Tuesday, March 30, 2010

The Myth of Meritocracy

School administrators, writes Senior, understand best of all that intelligence tests for young kids are "practically worthless as predictors of future intelligence....Rather than promoting a meritocracy, in other words, these tests instead retard one. They reflect the world as it's already stratified--and then perpetuate that same stratification."

...

Intelligence is a process, not a fixed, gene-determined, thing. This process begins very early on, before we can even really see it, and we therefore often confuse these early, invisible stages with some sort of innate giftedness. Then we test kids and report the results as innate differences--this one is gifted, this one is not. This one has extra promise; that one does not. We send the "gifted" ones to good schools with small class sizes, better-trained teachers, better infrastructure, better relationships with parents, and higher expectations. We send the apparently-unpromising kids to under-funded, teach-to-test schools with minimal expectations.

And then we tell ourselves that we live in an educational meritocracy.

- David Shenk


and more: The Junior Meritocracy (By Jennifer Senior)

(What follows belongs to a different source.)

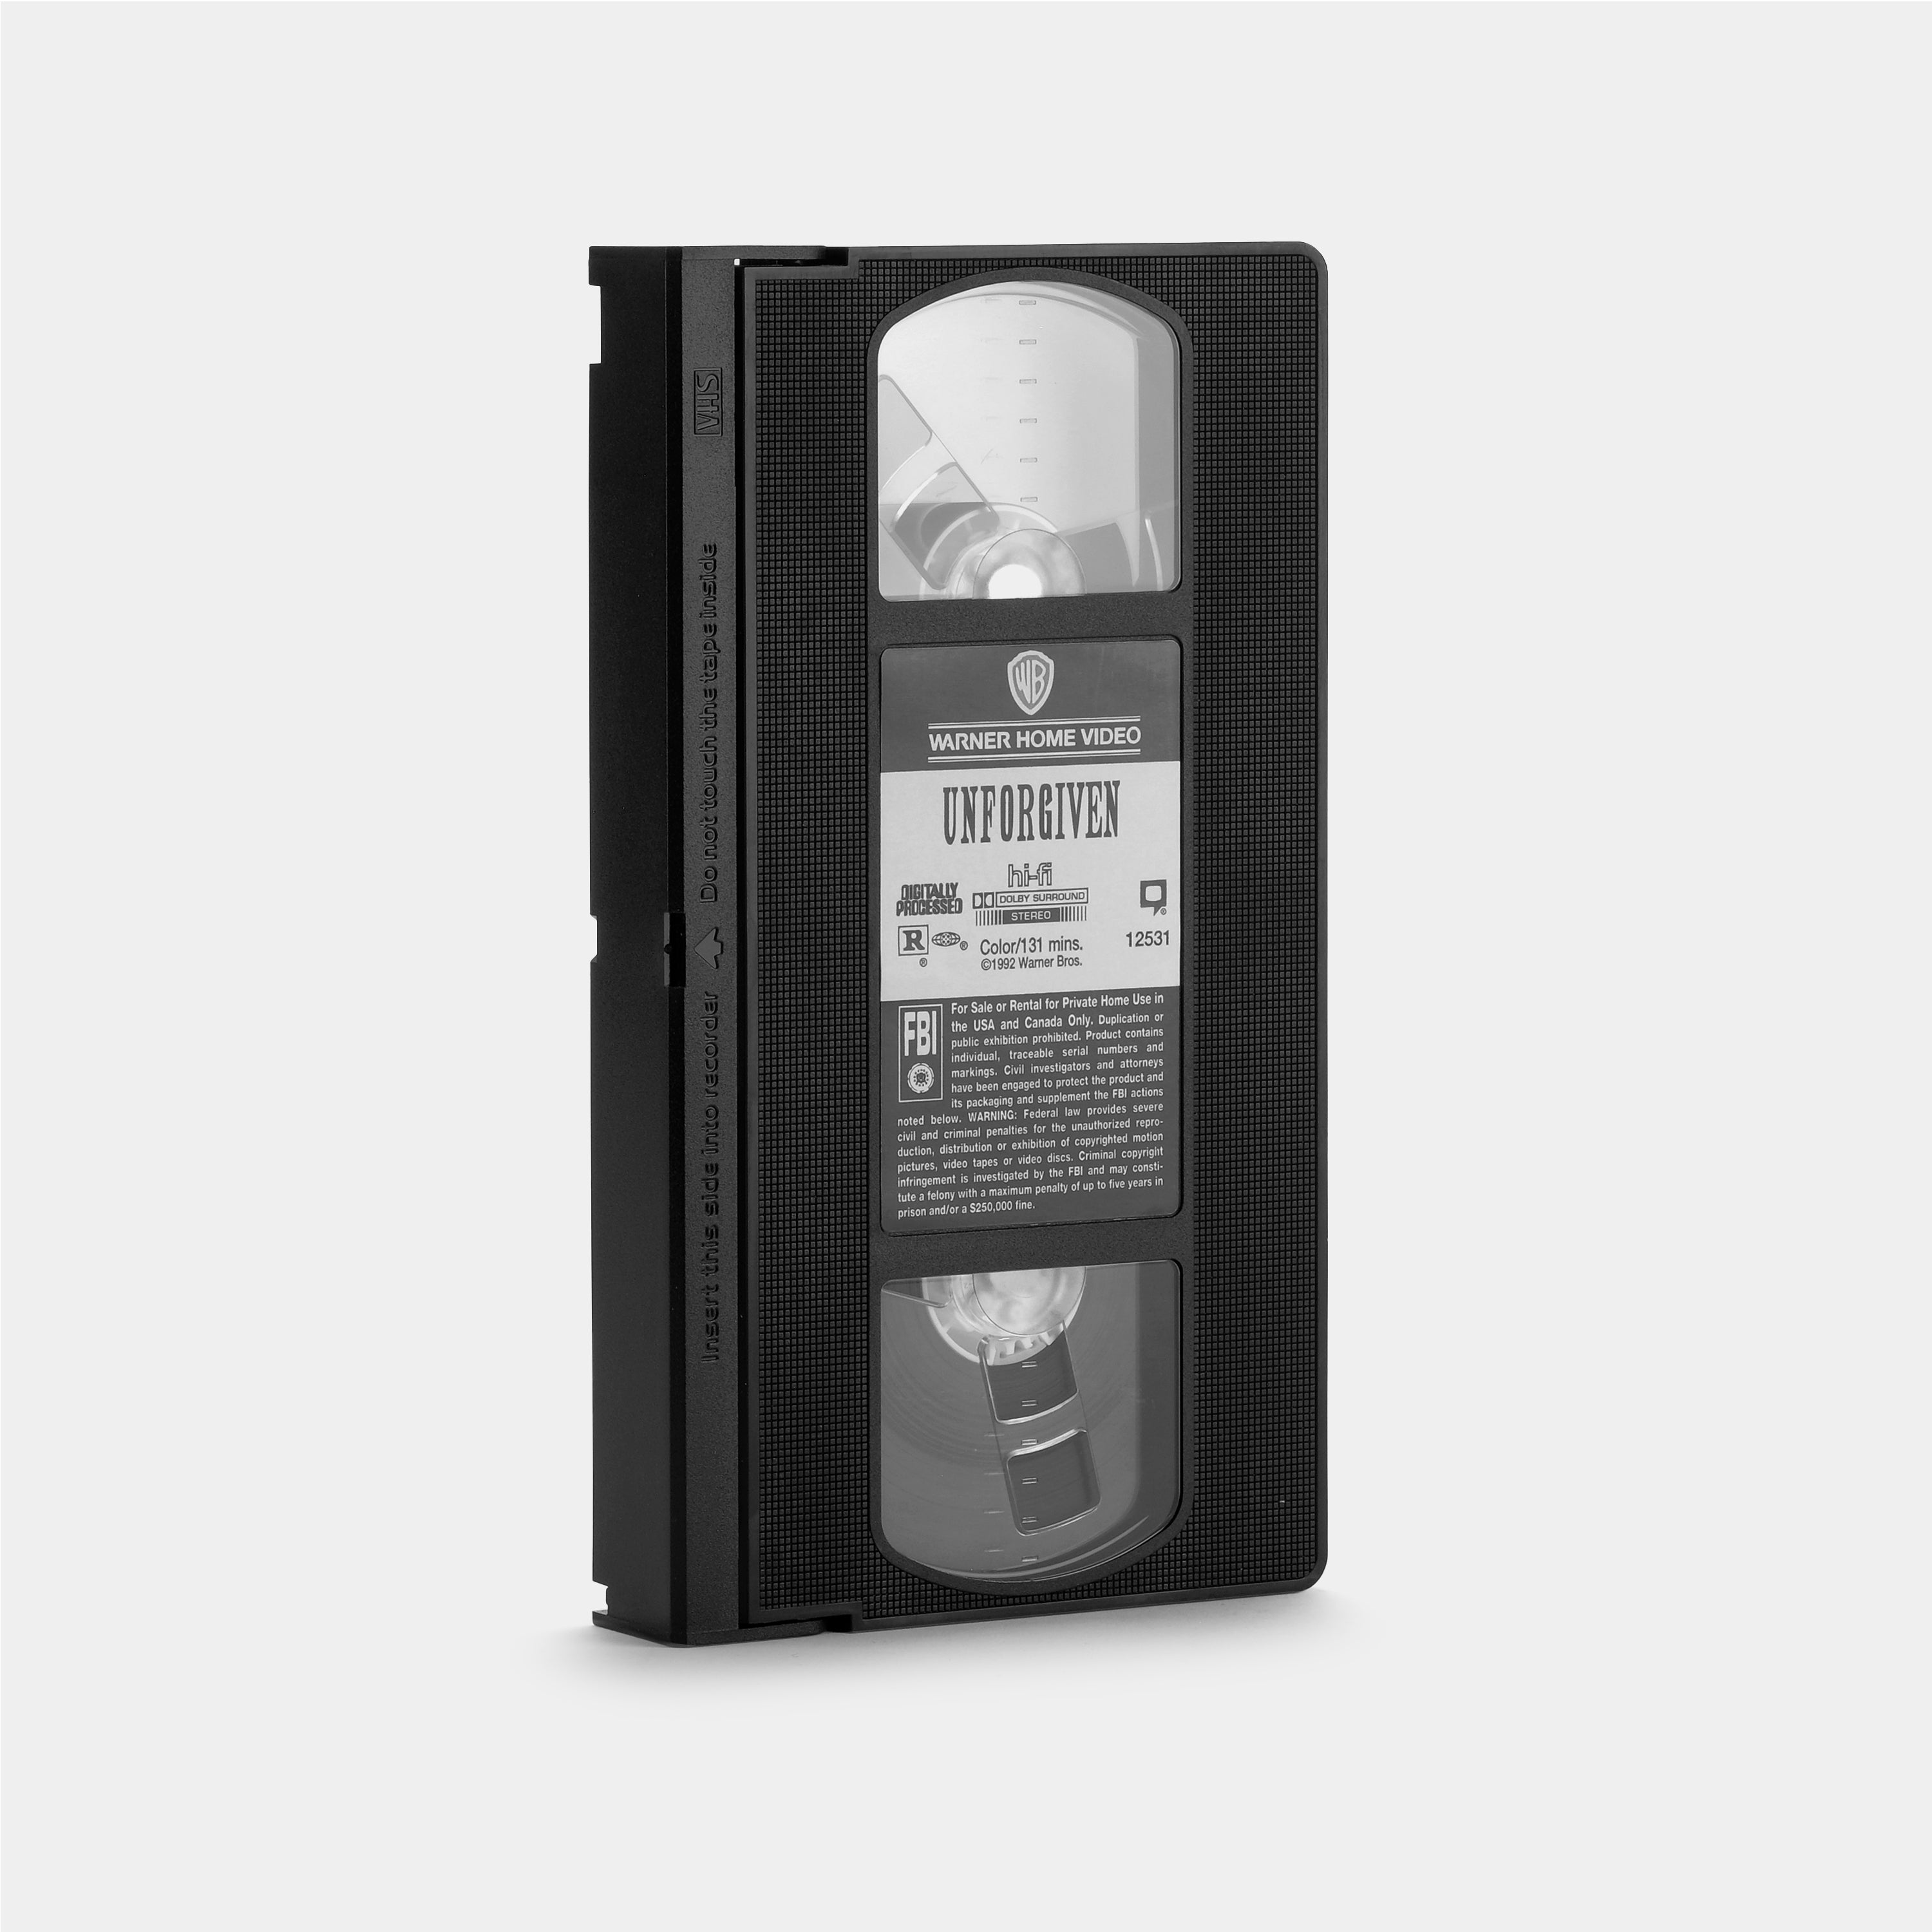 Unforgiven VHS Tape
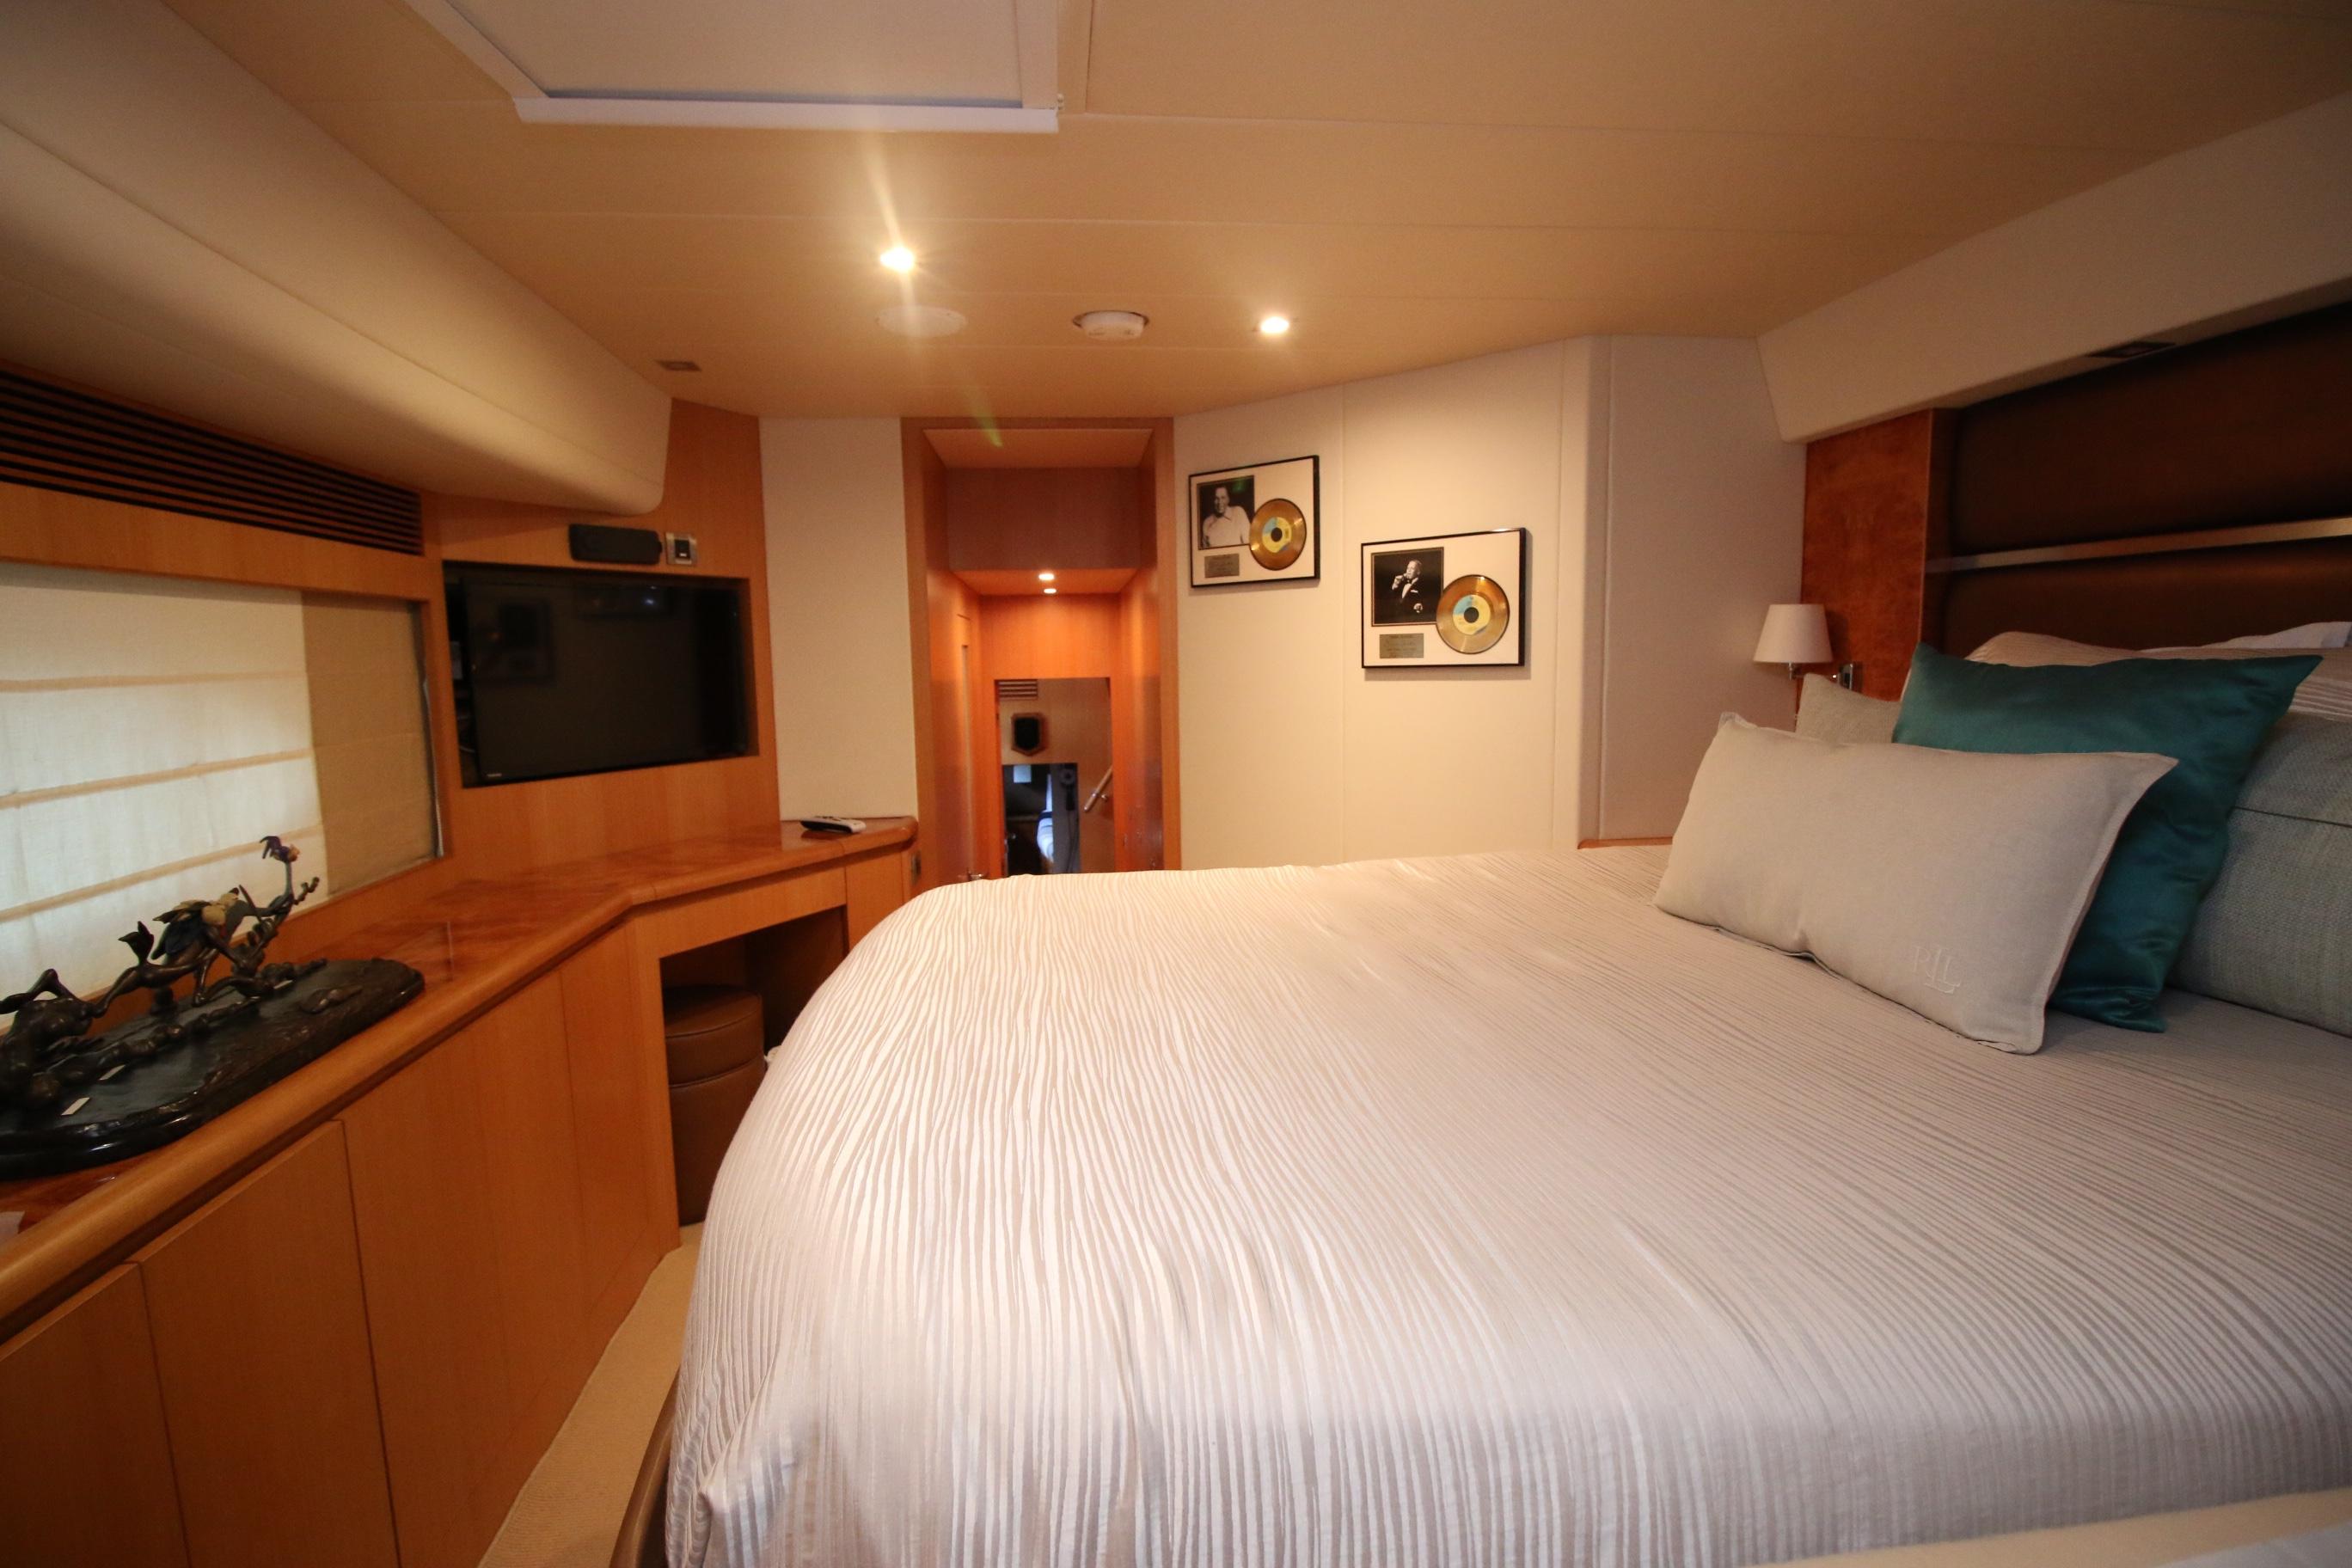 Used Power Catamaran for Sale 2014 Horizon PC60 Layout & Accommodations

Food for thought: How about Singapore's case of testing ten-and-twelve year olds and putting a select few into the Gifted program?

1 comment:

anon said...

Do you think the GEP has a real treatment effect, or is it all selection? (No one knows except MOE)

If there is a treatment effect, is it due to the curriculum, or is it the implicit class socialization?

If it is the former, then Shenk and Senior are right and we can make outcomes fairer. If it is the latter, then that's just too bad, because class is a positional good.

If there is no treatment effect and it's all selection, then that's too bad too, not much we can do about it.